We compared the sequences of three γ-TMT genes between TK780 and B04009. The 1350 bp sequence in the promoter region of γ-TMT3 has already been determined in B04009 and shown to differ with respect to 21 SNPs and four indels from KAS [26]. TK780 and B04009 possessed the same coding sequence as the soybean reference genome Williams 82 (Glyma.09G222800.1), but there were 13 SNPs in the promoter region of which 10 were located within known cis-elements (Additional file 3). TK780 possessed 2SSEEDPROTBANAPA, a cis-element conserved in many storage protein gene promoters [34], and the seed-specific cis-element CANBNNAP [35], whereas B04009 contained MYB1AT and CAATBOX1, which were previously detected as cis-elements specific to cultivars with high α-Toc ratios [11].

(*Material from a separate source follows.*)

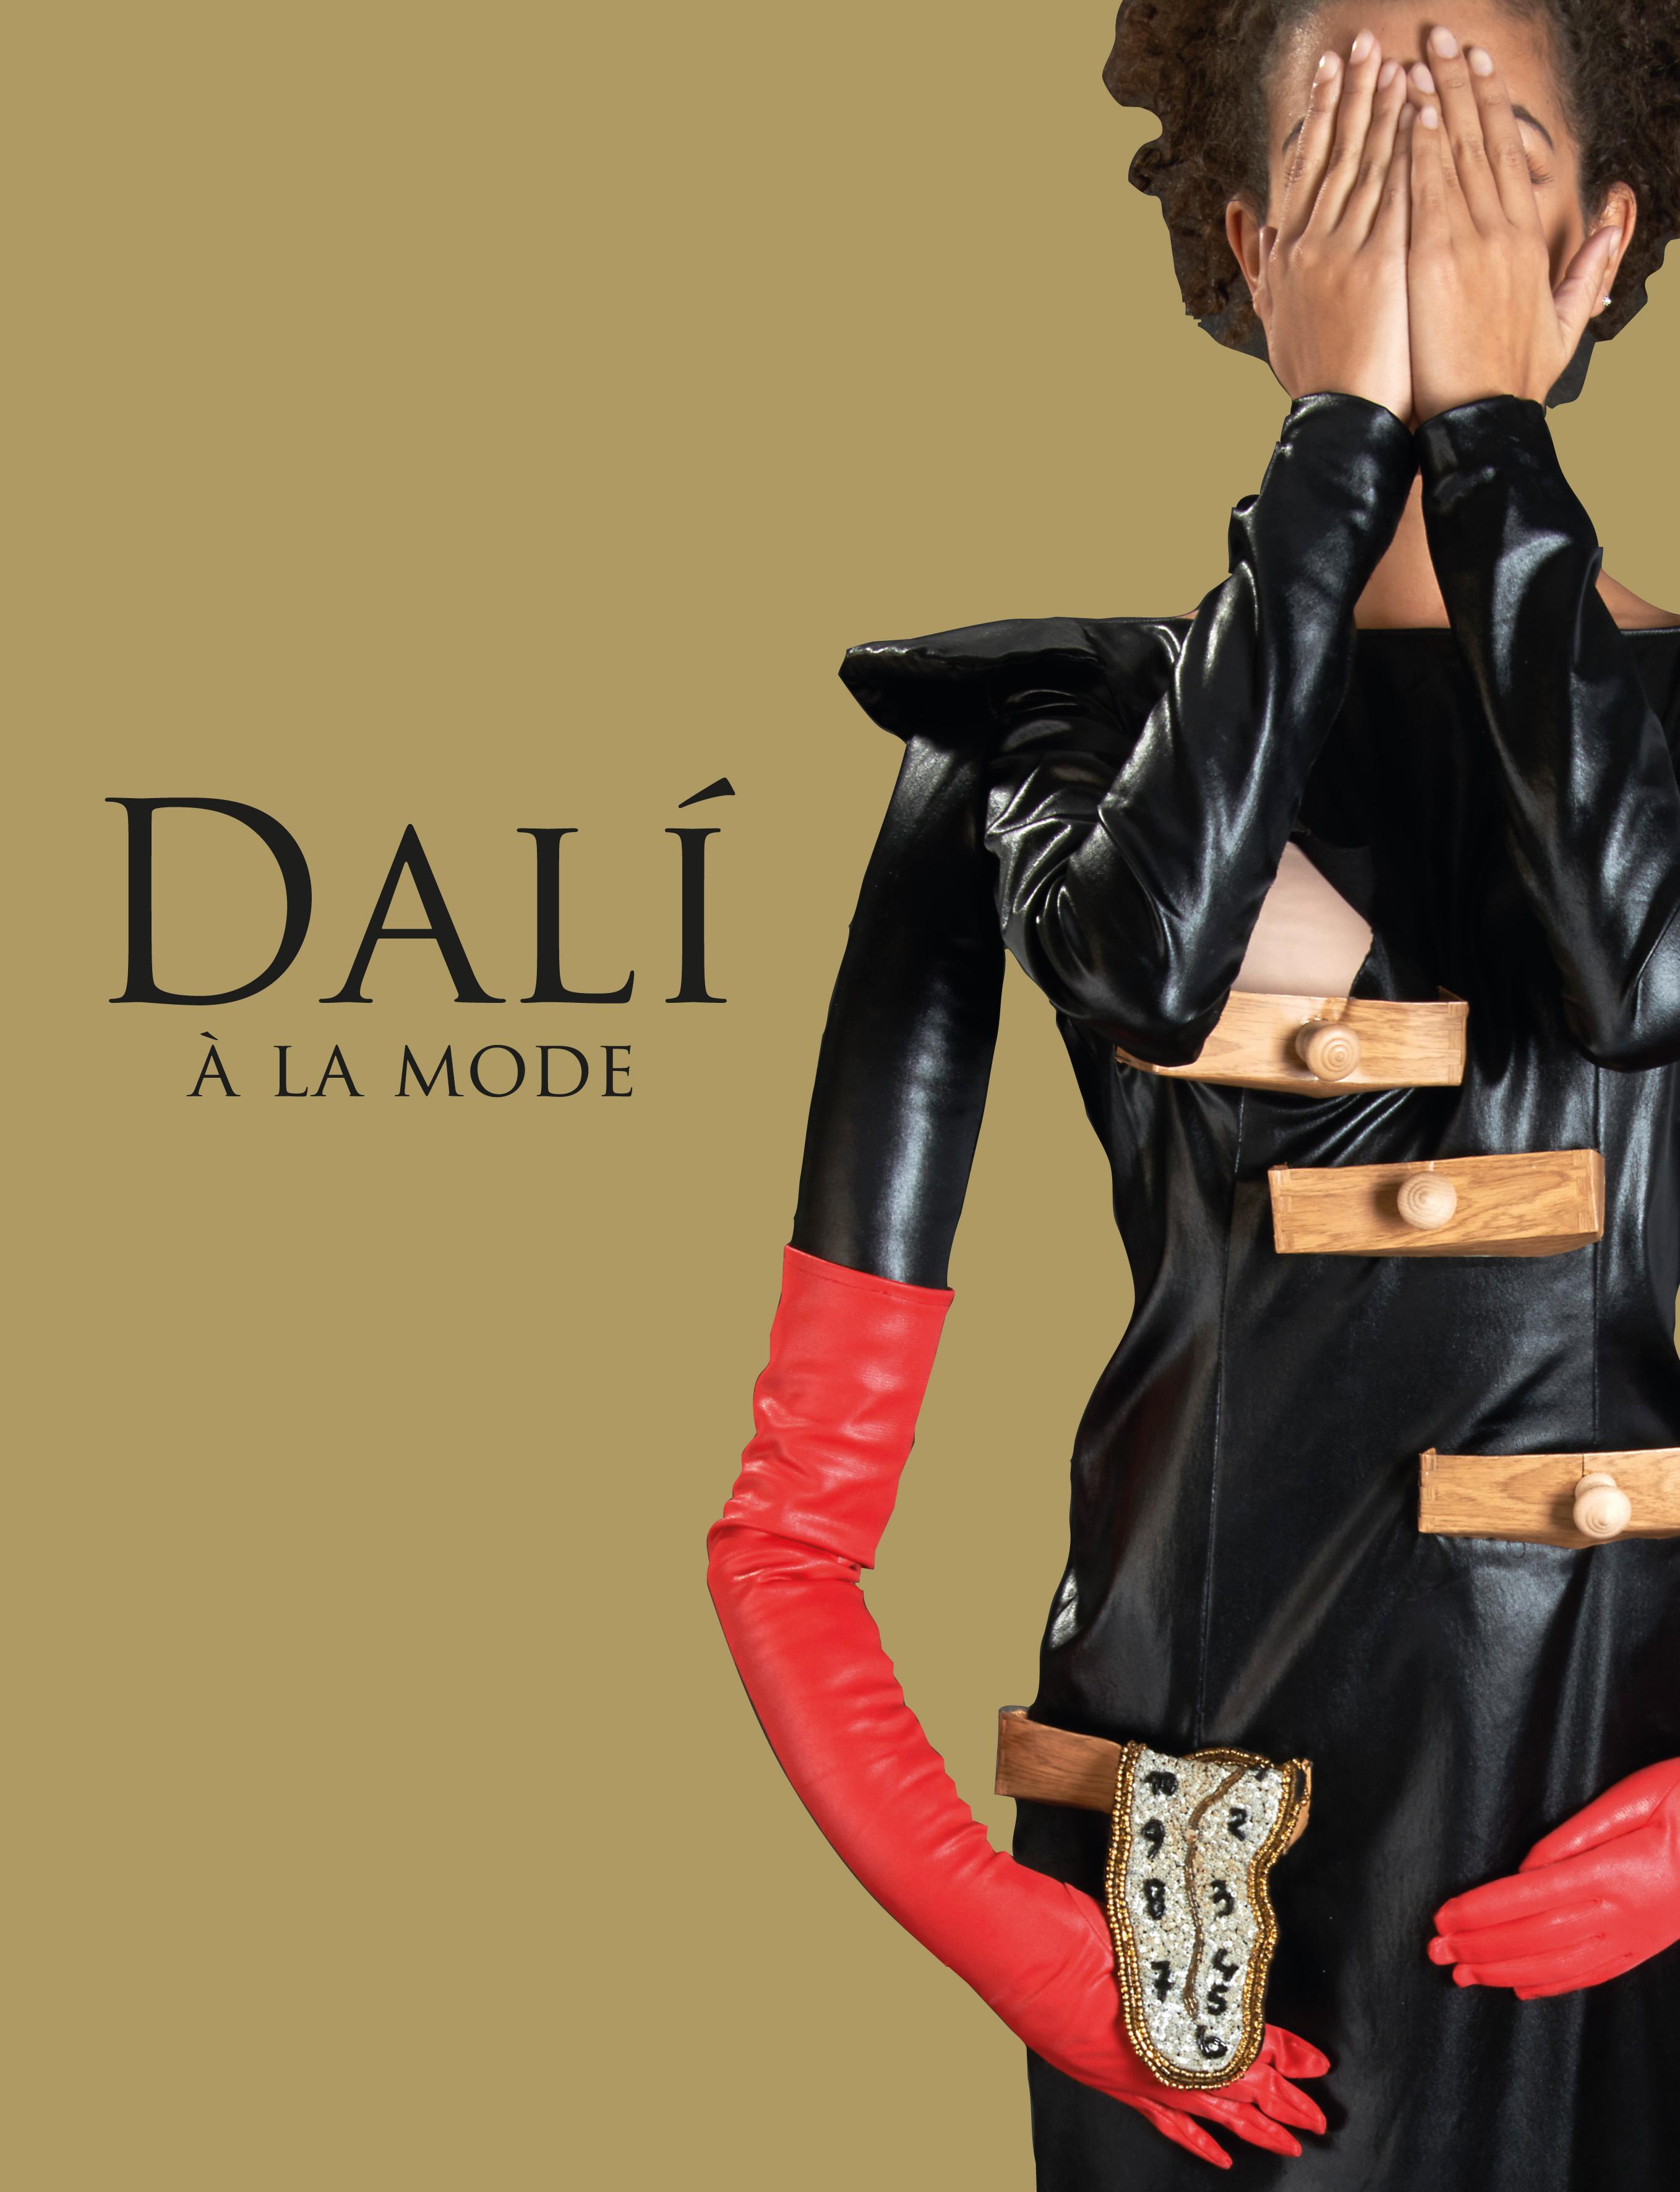 Dalí A La Mode
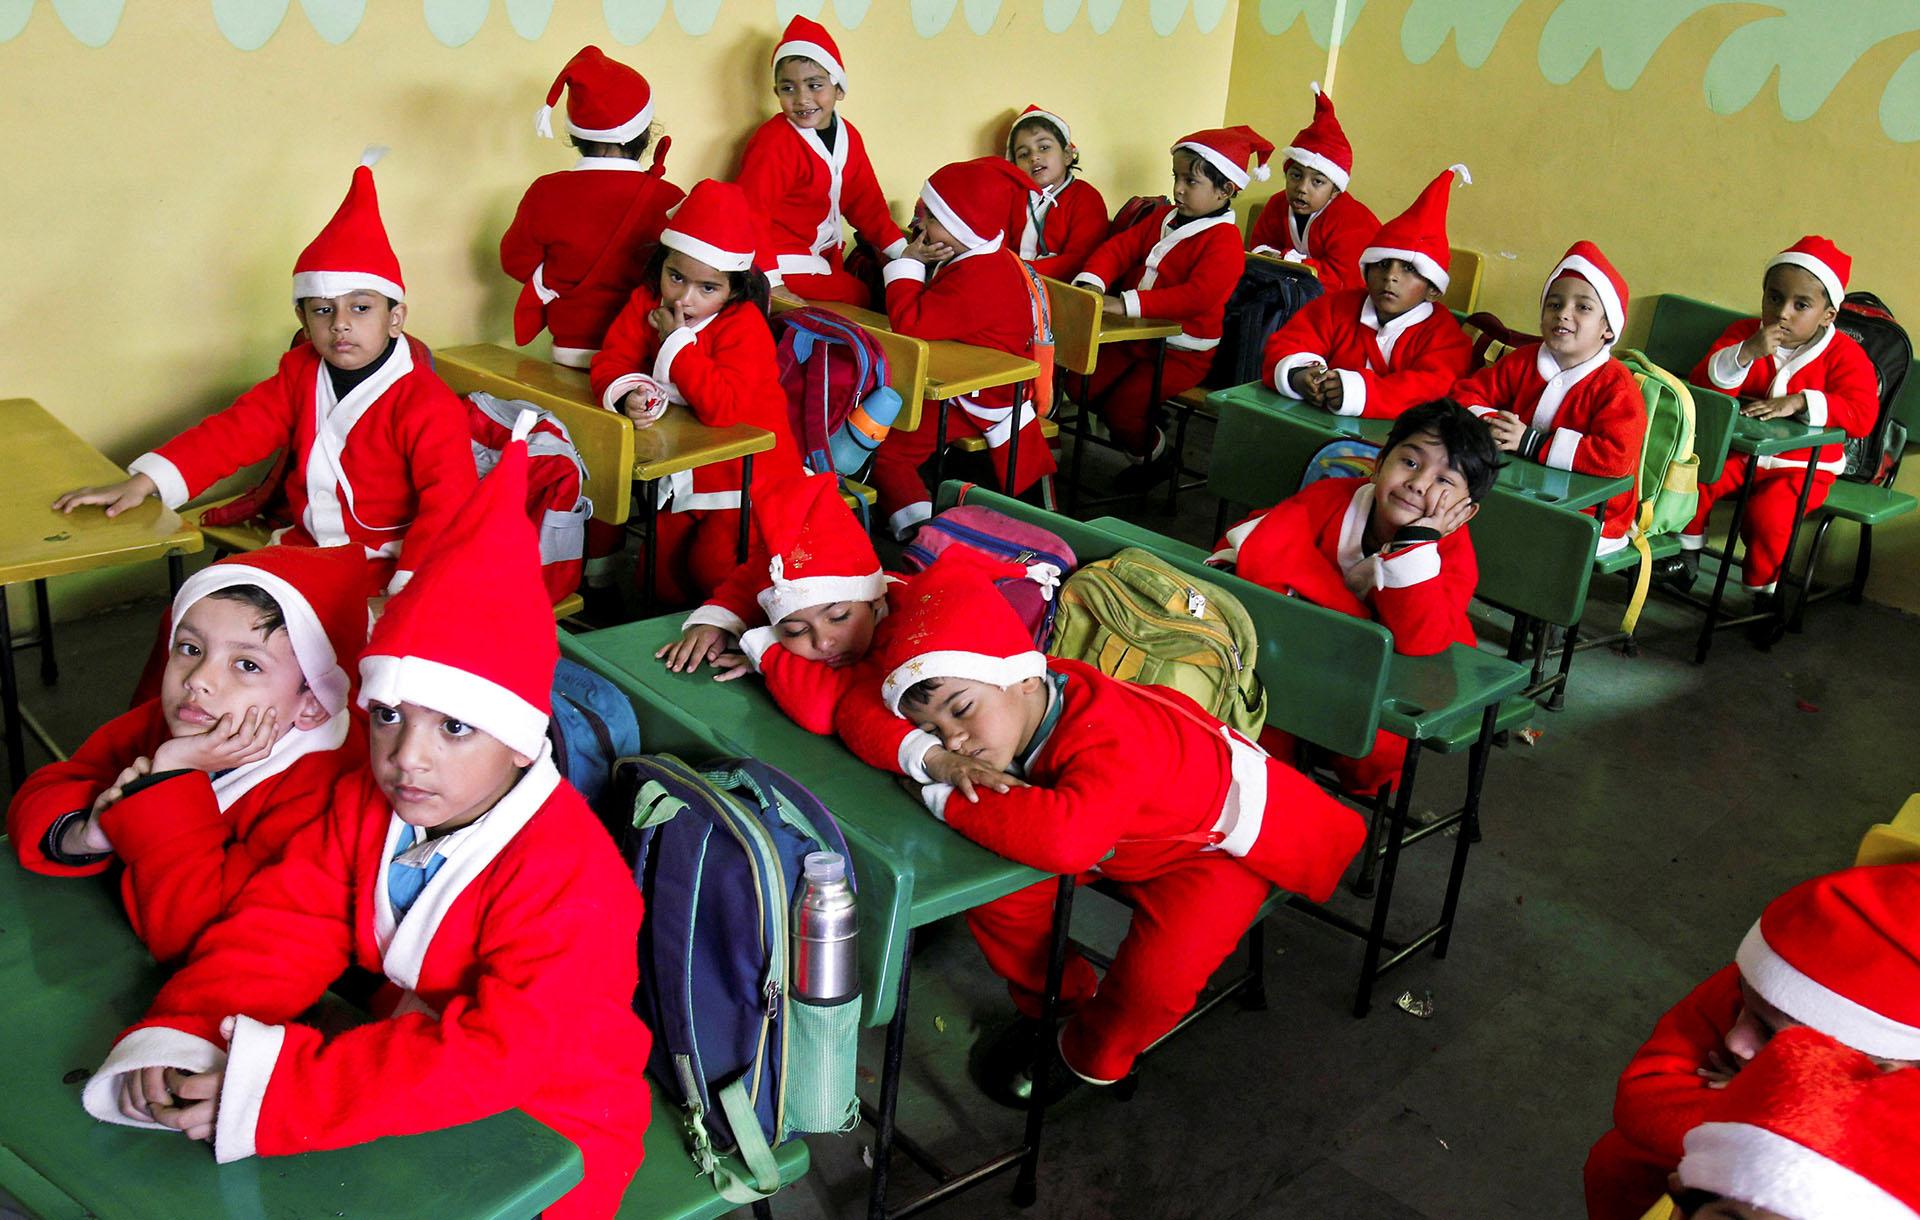 Niños vestidos con trajes de Santa Claus se sientan dentro de un aula antes de participar en las celebraciones navideñas en una escuela de Chandigarh, India, el 20 de diciembre de 2017. (Reuters)

A non-synonymous substitution was detected in exon 5 of γ-TMT2; the amino acid residue was serine in TK780 in place of threonine in Williams 82 (Glyma.12G014300.1) and B04009 (Additional file 4). A total of 46 DNA polymorphisms, 38 SNPs, and eight indels were detected between the two parents in the promoter and introns of γ-TMT2 (Additional file 4). Of these, eight polymorphisms were located within known cis-elements: B04009 possessed DRE2COREZMRAB17, a cis-element for genes expressed during late embryogenesis and induced by abscisic acid [36], and SEF4MOTIFGM7S, a cis-element bound by soybean embryo factor 4 [37].

The coding sequences of γ-TMT1 in both TK780 and B04009 were identical to that of Williams 82 (Glyma.12G014200.1; Additional file 5). Additionally, a total of 17 SNPs and 12 indels were detected in the promoter and introns of γ-TMT1, of which seven polymorphisms were located within known cis-elements; there were 13 B04009-specific and four TK780-specific cis-elements, of which PYRIMIDINEBOXHVEPB1 and RYREPEATBNNAPA in B04009 are known to be involved in seed development and function [38].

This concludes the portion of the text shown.